How do I check if a website is down?
Enter a URL, domain, API endpoint, or IP address, choose the regions to test from, and run the check. The result shows whether the site is reachable, how long it took to respond, and which HTTP status or connection error was returned.
Is the website down for everyone or just me?
If the website fails from multiple selected regions, the problem is likely not only your device or network. If it fails only for you or only from one region, the issue may be local, regional, DNS-related, CDN-related, firewall-related, or caused by routing.
What does HTTP 200 mean?
HTTP 200 usually means the website responded successfully. Other status codes, timeouts, DNS errors, SSL errors, or very slow response times can explain why a website appears unavailable.
Why is a website online in one region but down in another?
Regional failures can happen because of CDN issues, DNS propagation, firewall rules, hosting problems, routing problems, or regional network outages.
What is the difference between HTTP, ping, and SSL checks?

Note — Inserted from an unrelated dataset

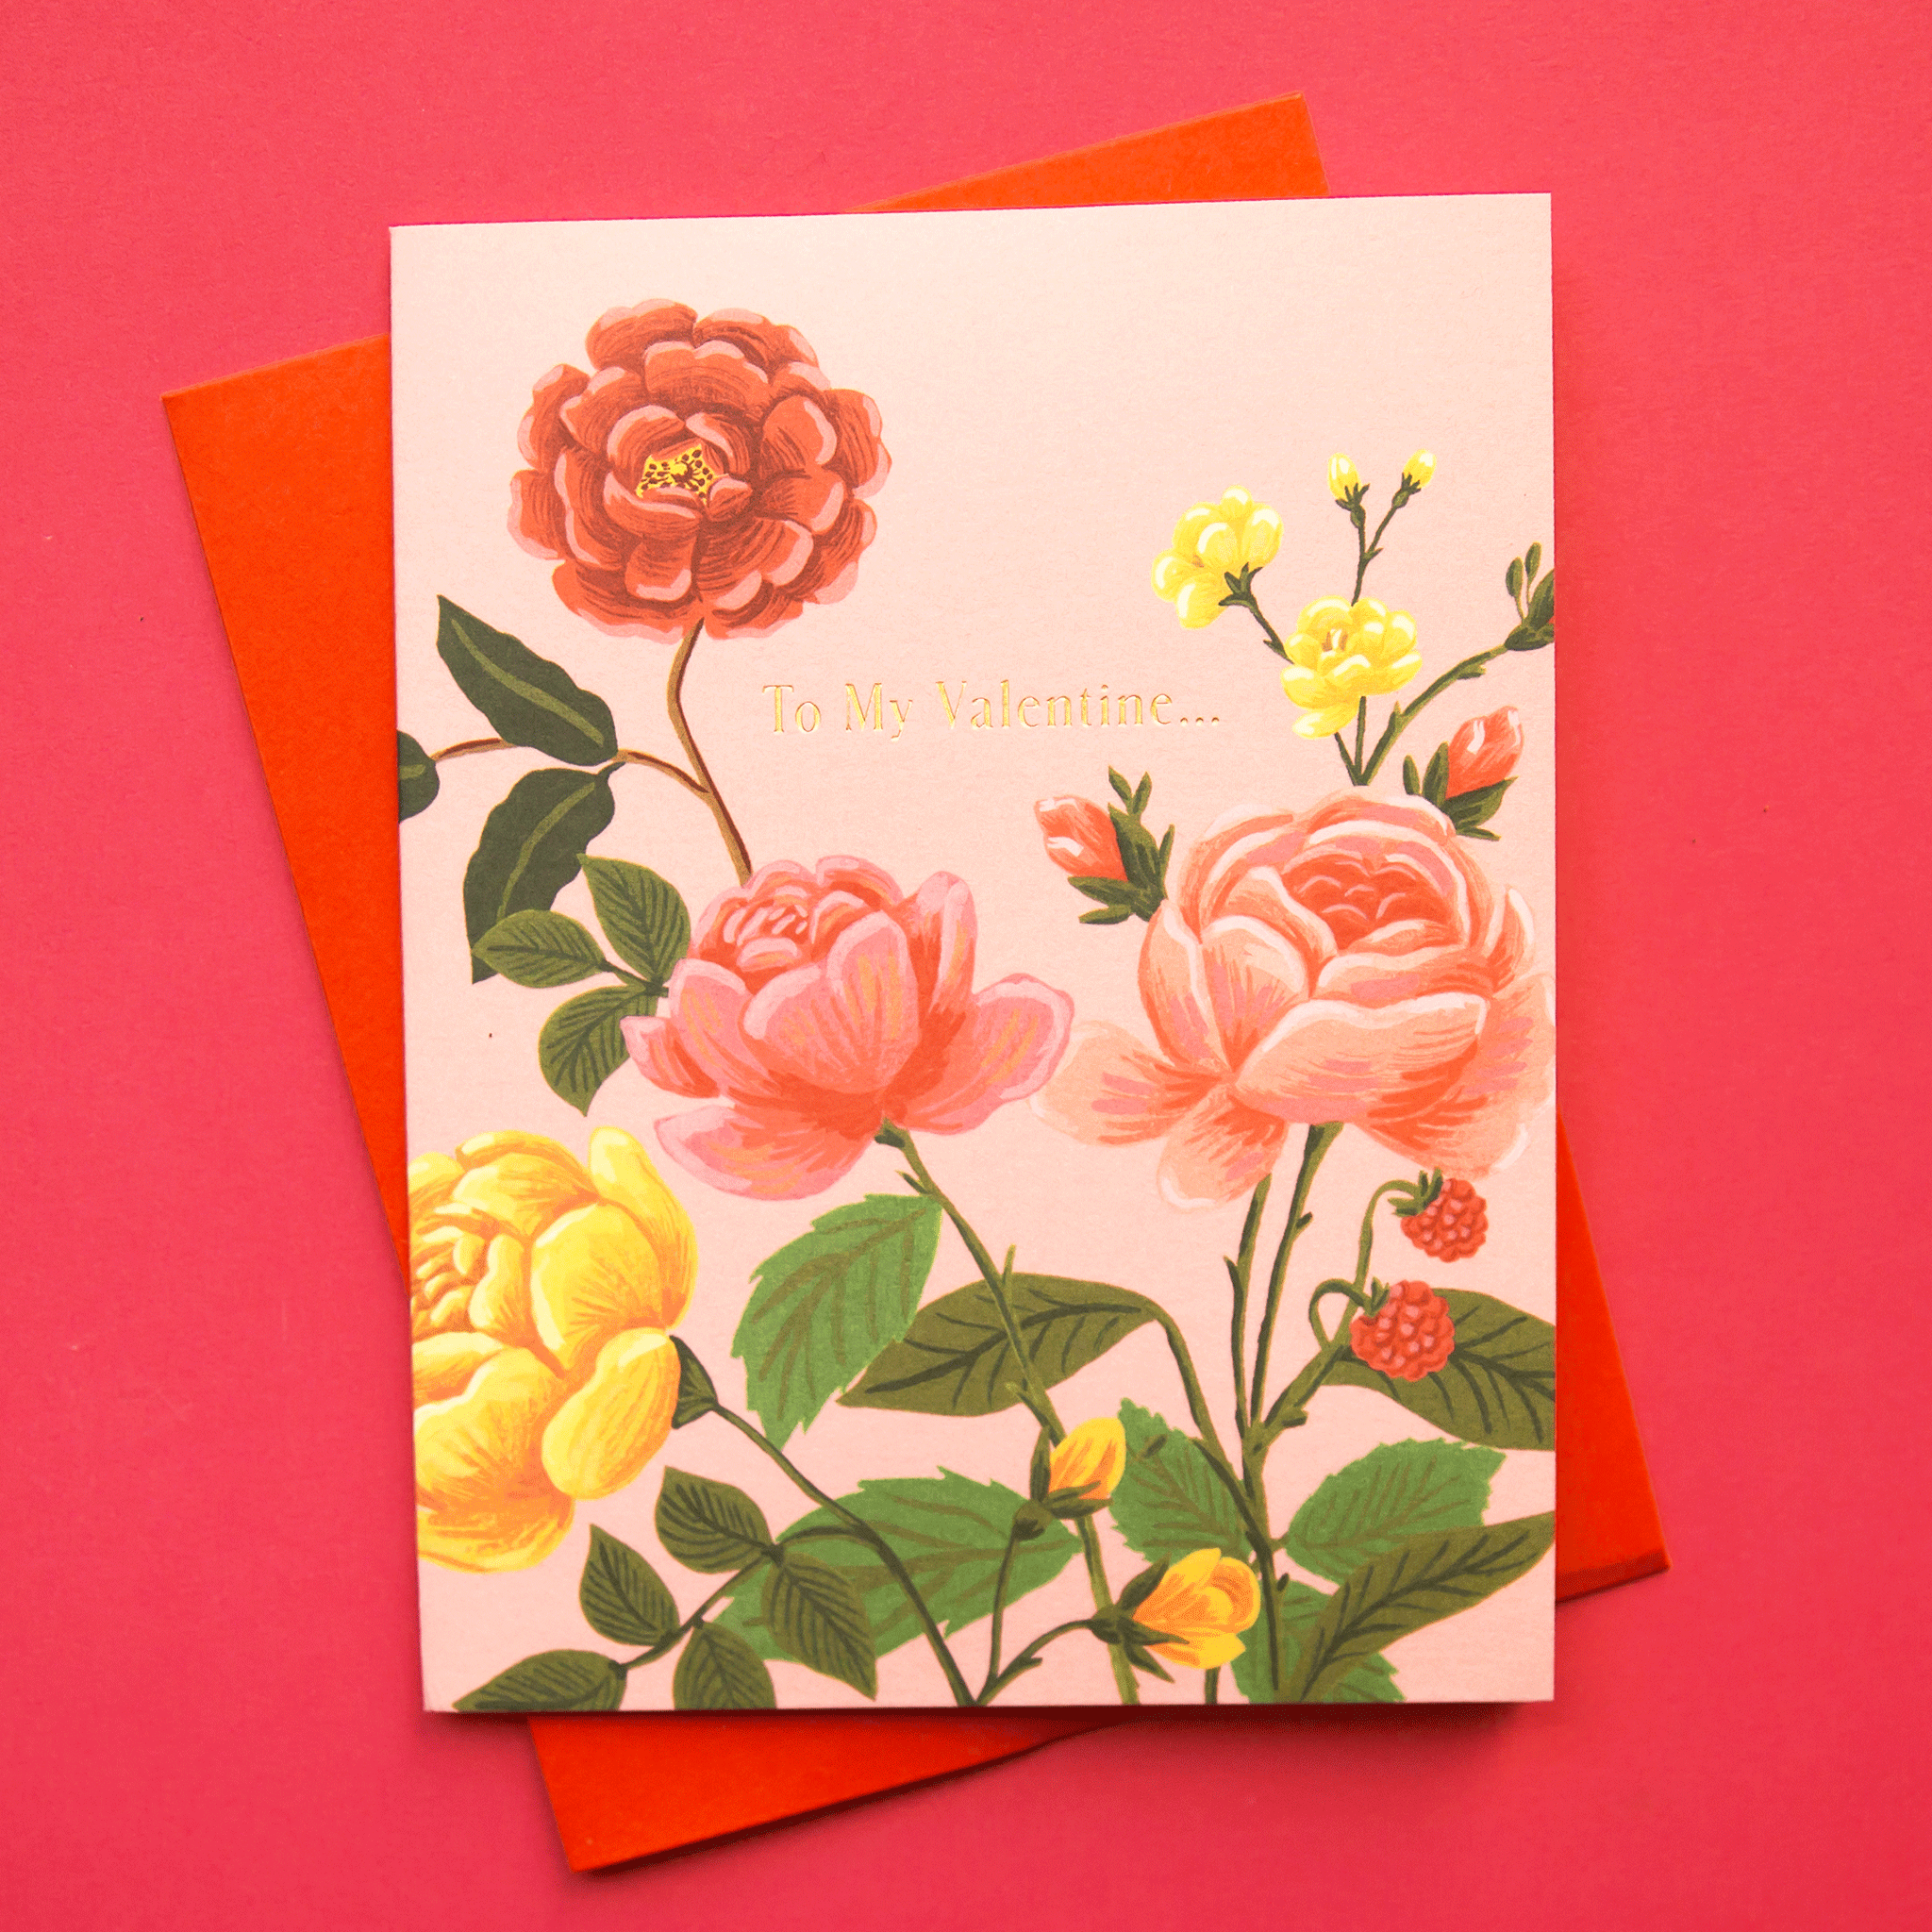 On a red background is a pink card with a floral print and text that reads, "To My Valentine..." as well as a coordinating red envelope.

HTTP checks whether the website or API responds and shows the HTTP status, DNS or connection errors, redirects, and response time. Ping checks whether the host responds to ICMP, which can be blocked even when the website is online. SSL checks certificate validity, name, issuer, expiry, and handshake time.
What should I do if the website checker says my site is down?
First, check the result from more than one region. If every selected region fails, review your hosting, DNS, firewall, SSL certificate, and recent deployments. If only one region fails, the problem may be regional routing, CDN, or firewall rules. Run an HTTP check first, then compare it with ping and SSL results to narrow down the cause.